As I let my mind play with that thought, I realized that I was feeling calm and peaceful, that I was recalling the safety of being my big brother’s little sister, remembering a mundane, “normal” childhood activity that must have happened dozens of times in those frightening, sad days. I’m not so sure anymore that what I want is to use these memories to push my way in to other ones. For now, I’m simply basking in the reminder that my brother and I shared a connection through music, that it was his way of being in relationship with me and showing me the ropes, leading with his passion and inviting me in to share it. What a beautiful gesture, what an amazing, seemingly simple way to be part of each others’ lives, even though we haven’t gone to a concert together in decades. 

I’m so grateful to have these kinds of memories come back to me as I get older, to remind me that there are myriad ways to connect with others, and that the ones that come most easily, most naturally, are often the ones that endure. I hope that someday my big brother and I can go to another concert together, but in the meantime, I’m definitely listening for his advice on which ones I should buy tickets to myself. 

My dad loved cars. He loved old cars, classic cars, any car he ever owned. He loved washing and waxing them, tinkering in the engine, driving. Everything about them.

He taught me how to change the oil and air filters in my car. How to change a tire and check the air pressure and how to calculate my gas mileage.

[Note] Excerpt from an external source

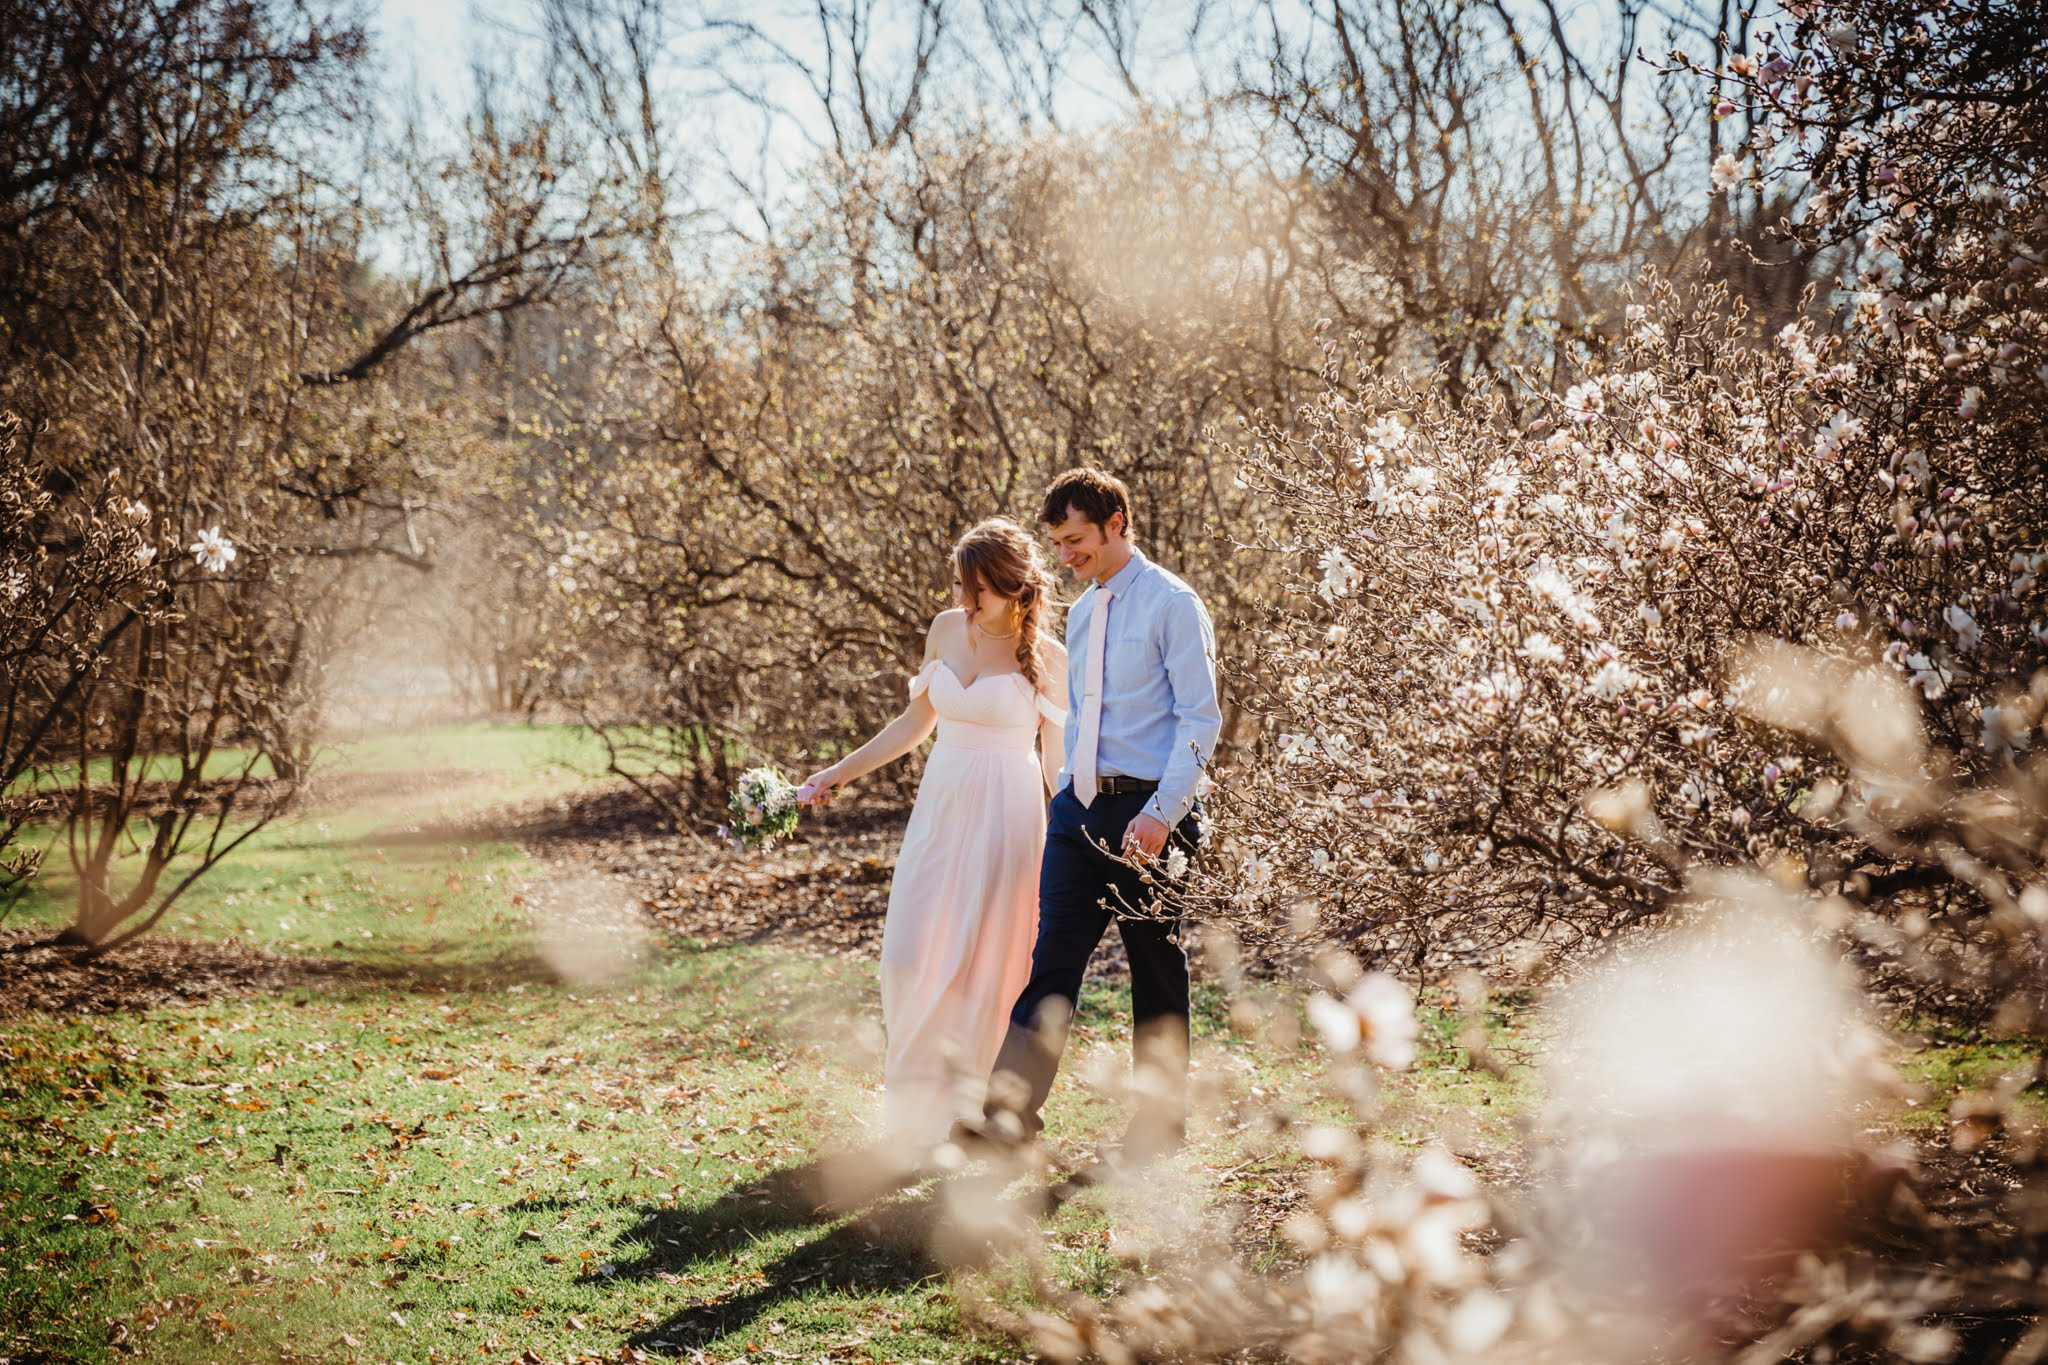 Blush Bridesmaid Dress - Spring Wedding at the UW Madison Arboretum in Madison Wisconsin - Phoenix & Rose Photography

He was often disgusted at the state of the inside of my car, and he was positively purple the night I drove my car off a cliff in the pouring rain by accident.

I loved that car. It was a 1979 Datsun 210 hatchback and I could fit more people in there than you’d think. After I drove it off the cliff, he had it towed to town and ultimately to his place, 140 miles away, and even though it wasn’t worth it, he found someone who could put it back together for me. I drove it for several more years and took really good care of it.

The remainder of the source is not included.